Anyway. After the interegation of Serena, Jake cornered me the next day, and asked if I ever told Dawn his secret. I said yes, and he beleived me. I told him she's too shy to talk to him, and that I would be the man in the middle. He gave me letters to give to her. I almost gave her the first one, but she began coming to school with bruises, and I thought it would be too much to give her letters from a boy she never even knew about in the first place. So I kept it and read it to myself. It was beautiful, and with each letter that was delivered to me, I began to imagine they were addressed to me.

He began drawing Dawn as well, but they weren't as beautiful as much as his words were. They were nothing special, just words that didn't do much aside from having a conversation. He grew frustrated that she never said hi to him or wrote him anything back. I told him that you don't know her life, and what's going in it. By this time I had accumulated some sort of a crush towards Jake, and we became seceret friends unbeknowest to Dawn. I lied once more and said Dawn had severe social anxiety, and doesnt like talking to people aside from and me and her parents. I also said she didn't have a cellphone. How he believed that, I have no clue. Aside from Serena probably whispering in his ear.

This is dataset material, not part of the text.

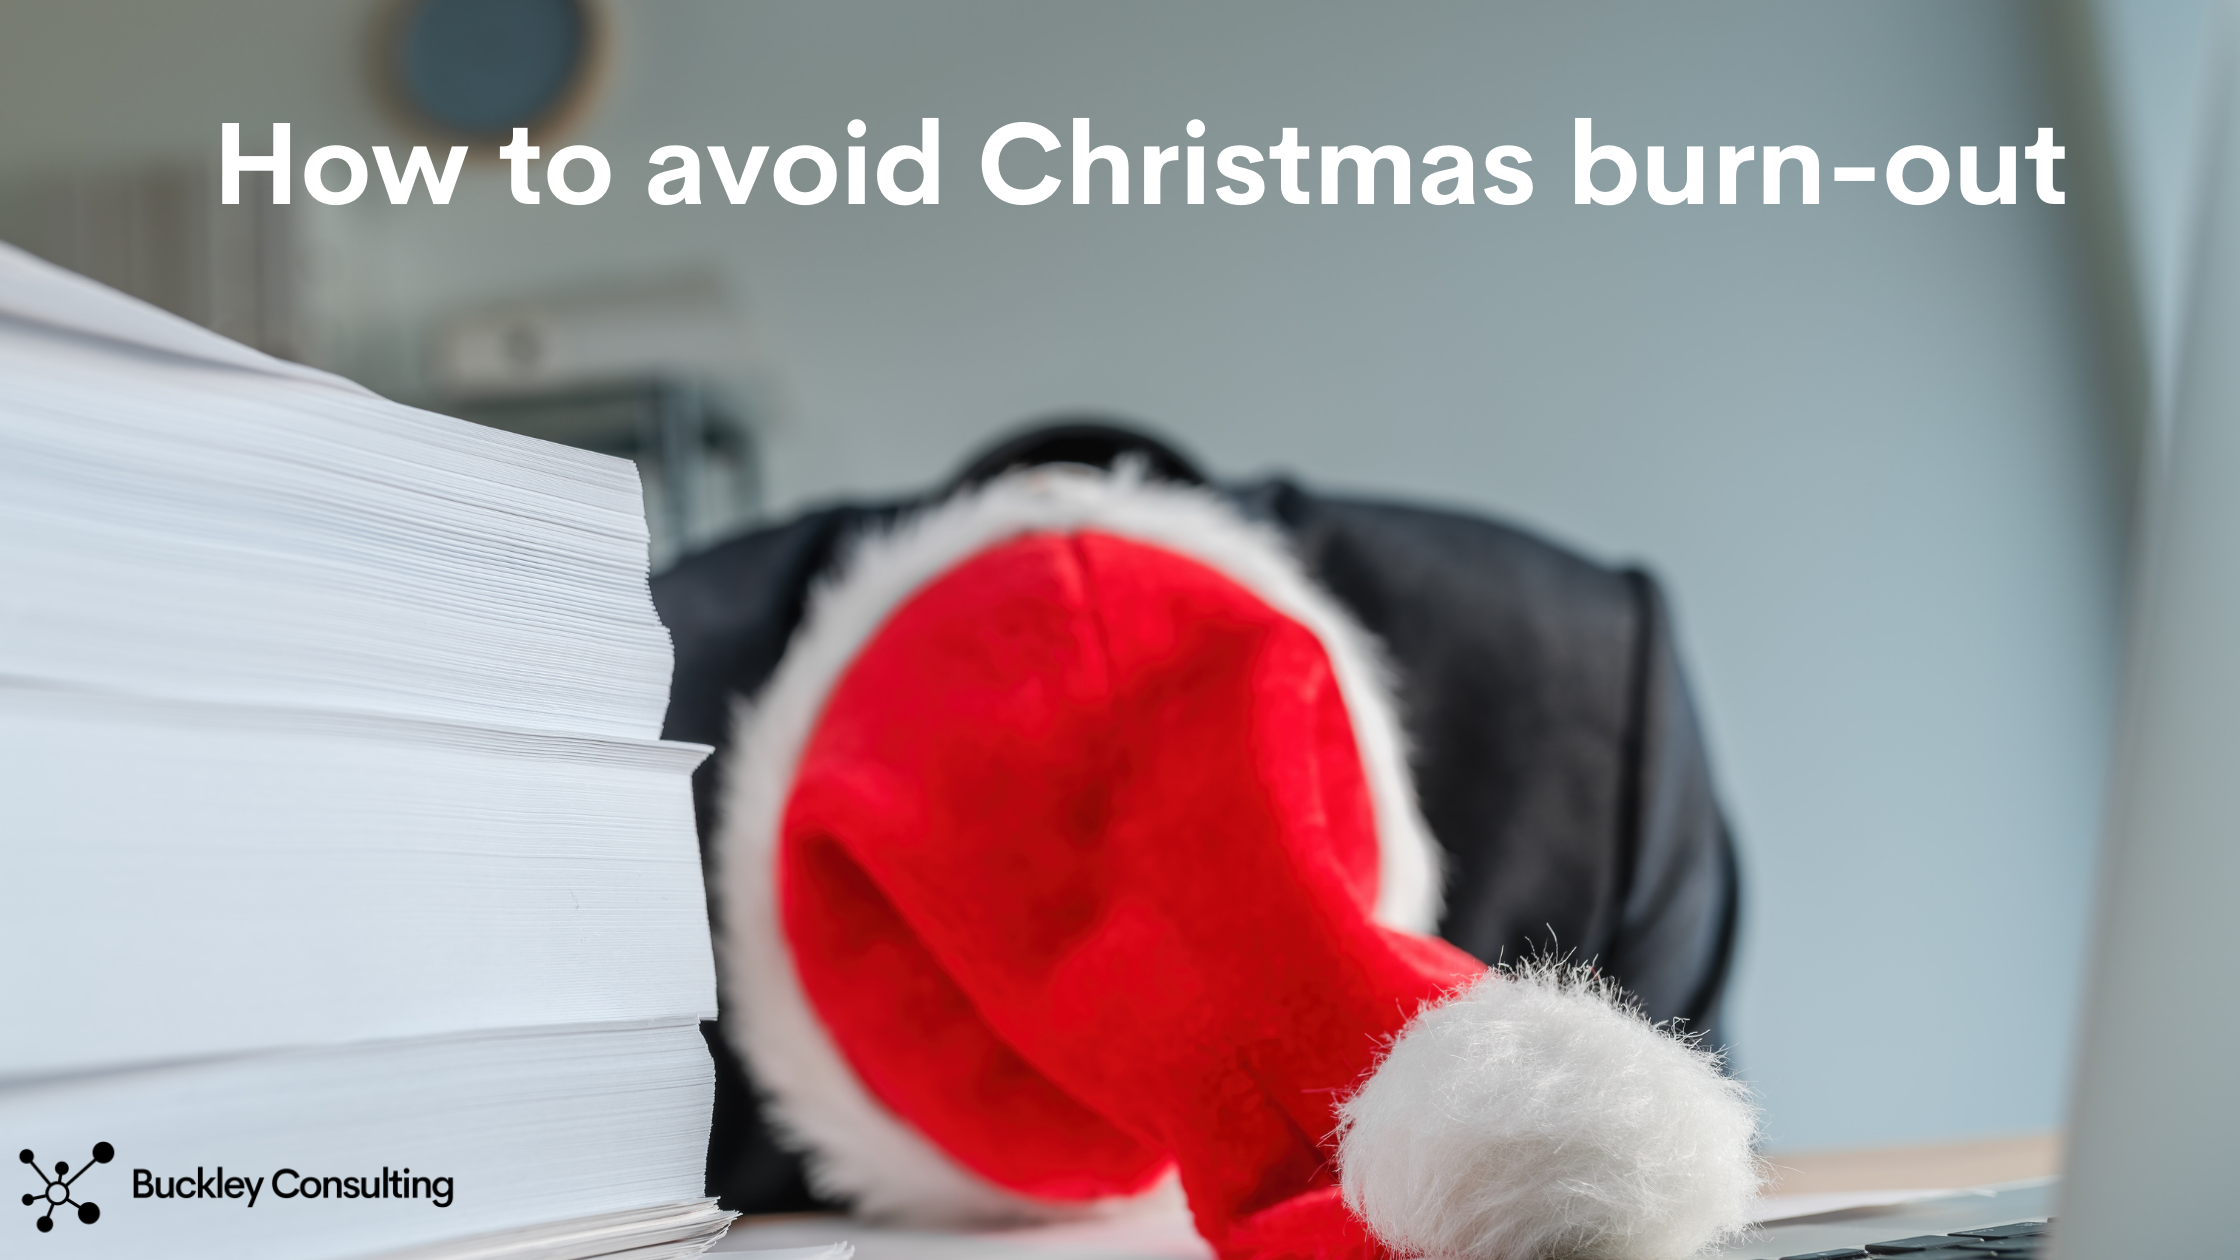 How to avoid Christmas burn-out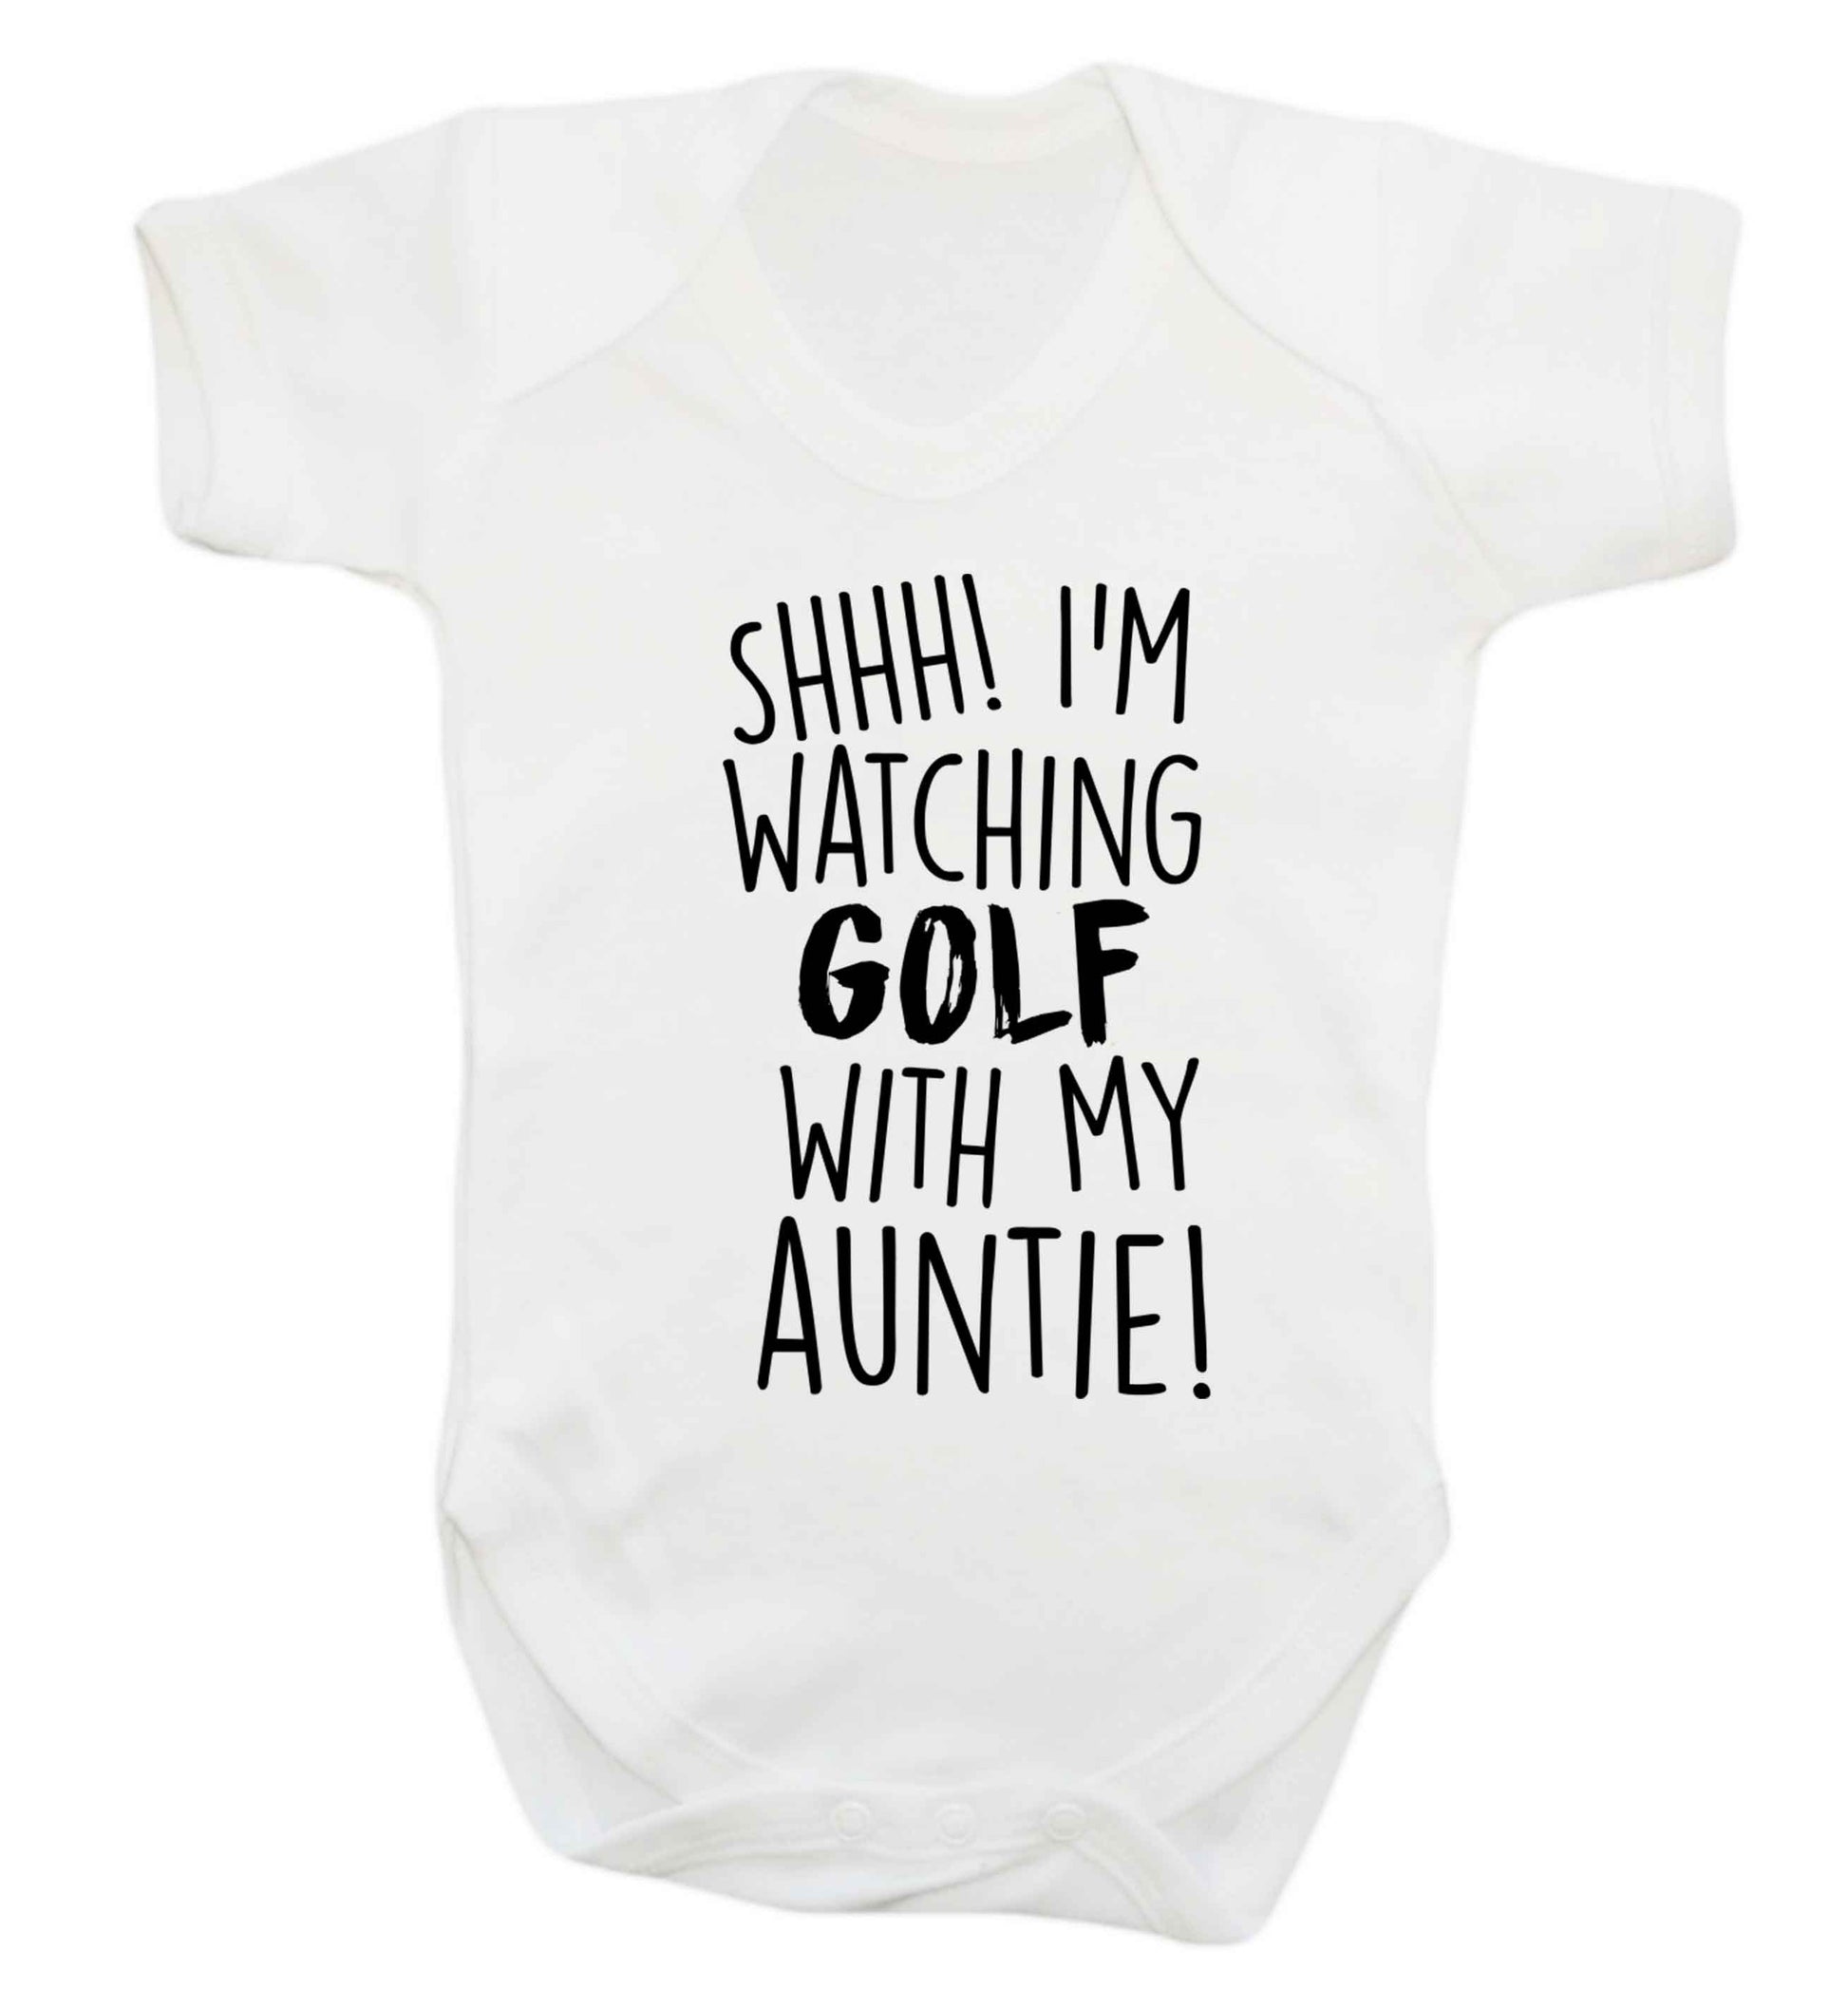 Shh I'm watching golf with my auntie Baby Vest white 18-24 months

I wrote him a note, and I handed it off to him. That got him happy for days. But my guilt grew from the continued lies.

And when Dawn was around Jake they would be awkward. Dawn would look the other way, and Jake than began believing my lie because Dawn was such a shy girl back then. They had polar oppisite classes, which caused much greatness into them never bumping into each other, and when they did I would try for them to look the other way.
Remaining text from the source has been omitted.